Nice to the point post on the no2id site;
Technically, the ID card will remain the property of the Home Secretary and the government.
If the Home Secretary asks you to hand it back in then you must do so (this is one of the powers in the Bill).
If the card is damaged - note the "smartchip" on it is a computer circuit and so could be vurnerable to more things than simply physical damage, such as microwaves. So it could get "damaged" that way without you even realising (and you'll just have to take the government's word for it that it really has been damaged - that they aren't just making it up to get more money out of you - because you can't exactly just look at a "smartchip" and see if it's working or not from appearances only) - then you'll have to pay for a new one and a fine.
Your basic fine is £1,000 (in words, one thousand pounds) for a whole series of new offences like damaging the card, losing the card, failing to give the card back to the Home Secretary if he demands it and that kind of thing. These are fixed civil penalites - not criminal fines - so this doesn't go to criminal court. Which means that there won't be any "pay in affordable installments based on circumstances" arrangements here with the fines as there is on criminal fines. No appeals. The Home Secretary's decision is final. The fines are cumulative that they just keep on coming and, as it's not criminal, you won't go to jail (the government says that it has done this to avoid "ID martyrs" but it really looks like just a means to make this a very lucrative "stealth tax") but the fines will just keep on coming. Mounting up and up.
The Home Secretary has the right to add you to the NIR database at his own discretion. He doesn't need your permission nor even to inform you that you've been added.
The Home Secretary will "licence" commercial companies to access the information on the database (e.g. for the video shop to check ID before you can rent an 18 rated movie or for buying alcohol or taking out library books). This also is at his sole discretion and has nothing to do with you nor does it require your permission or for you to be informed.
So, no, in absolutely no way, shape or form will the ID card nor the personal information on the NIR database be yours.
In fact, the spirit of this whole scheme is the complete opposite:
The government is taking full legal possession of all British citizens and all their personal information.
If the Bill passes then you will become "property of Her Majesty's Government" (even if you refuse to get the ID card: The Home Secretary is allowed to put you onto the database anyway, whether you like it or not. He'll just do so and they'll wait until you cave in under repeated cumulative £2,500 / £1,000 fines to finally submit to the biometric scan).
That's what this scheme is actually about. Changing the constitutional relationship between British citizens and their government.
Currently, you are considered a free citizen by merit solely of having been born in this country. A self-evident inalienable God-given right to freedom (to borrow the Yanks' written constitutional terminology).
If the ID Cards Bill passes then your citizenship and all the rights attached to it become the sole property of Her Majesty's Government.

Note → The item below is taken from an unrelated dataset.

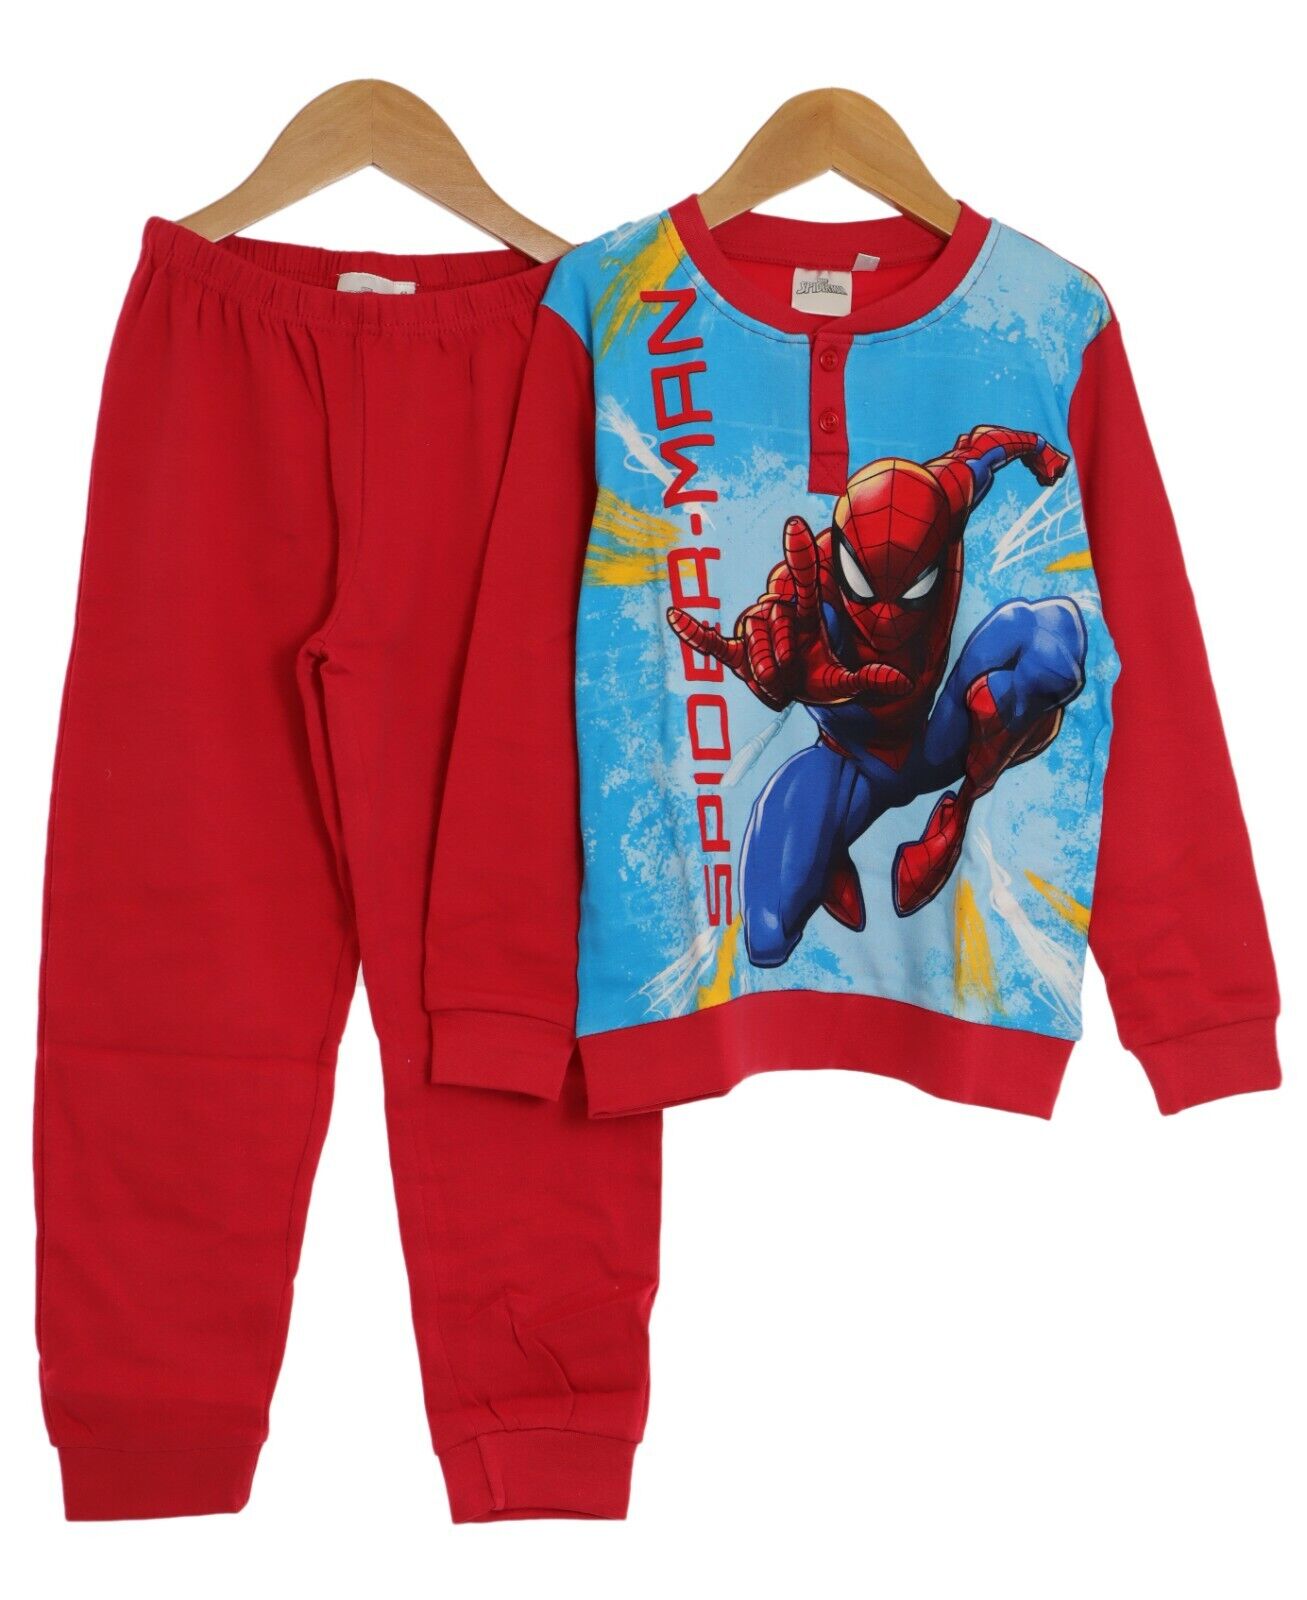 Pigiama Disney Bambino Caldo Cotone Interlock Spiderman Rosso 100% Cotone (3132)

You don't own the ID Card or your personal information in the NIR database in any way at all - even after you've paid for it and paid any fines associated with it - Charles Clarke (or whoever subsequently becomes Home Secretary over the years) owns it and, thereby, owns you on behalf of Her Majesty.
You gain no actual benefits you don't already possess or are entitled to by the introduction of the ID card. You're actually surrendering those to the government's sole conditional discretion (and they intend to fine you to death, if you don't get with the programme).
Effectively, it's a form of modernised Serfdom.
Why should you pay for this?
Morally, rationally and logically, you shouldn't.
But, regardless, it will become law that you do by 2008 if this Bill passes and isn't killed before that date.
Which pretty much sums up what these ID cards are all about.
The stuff about "terrorism" and "illegal immigrants" are emotional red herrings - it distracts you from what's really going on, which I've summarised above - that the government says one day, retracts the next, changes to something different the day after and doesn't really believe because there are contradictory statements all over the place (e.g. Blunkett says that we shouldn't overestimate what ID cards could do for preventing terrorism, playing it down, and then six minutes later in the very same speech, he's playing it up that it has a substantial contribution to make to preventing terrorism. Even within the very same speech - merely minutes apart - the government has contradicted its own propoganda).
You know, like they did with the "reasons for war" over Iraq. A brand new reason every week when the old reason was proved to be bullshit. Keep changing the reasons and while everyone's distracted arguing over those reasons, the troops go in and invade regardless. Just as Blair'd arranged with Bush that they would long beforehand and the "reasons for war" stuff was a distraction to make the public think there actually was a "debate" going on. There wasn't. It was a pre-determined decision and the "reasons" were just made up as they went along to just give the impression that there was a choice or debate happening.
It worked there, so I guess Blair's thinking that if it worked once then it can keep working forever (and, so far, sad to say, he's absolutely right to think that. The public and MPs swallow it every single time). Because the exact same modus operandi has been used over ID cards so far (but, unlike the war, if you've not been following it along, it's not on the main news every night, so you might not yet have seen the very same thing happening with ID cards too. Blair has already decided ID cards will happen and then ministers have just been making up ever-changing contradictory "reasons for ID cards" ever since to pretend that there's a "debate" going on. There isn't).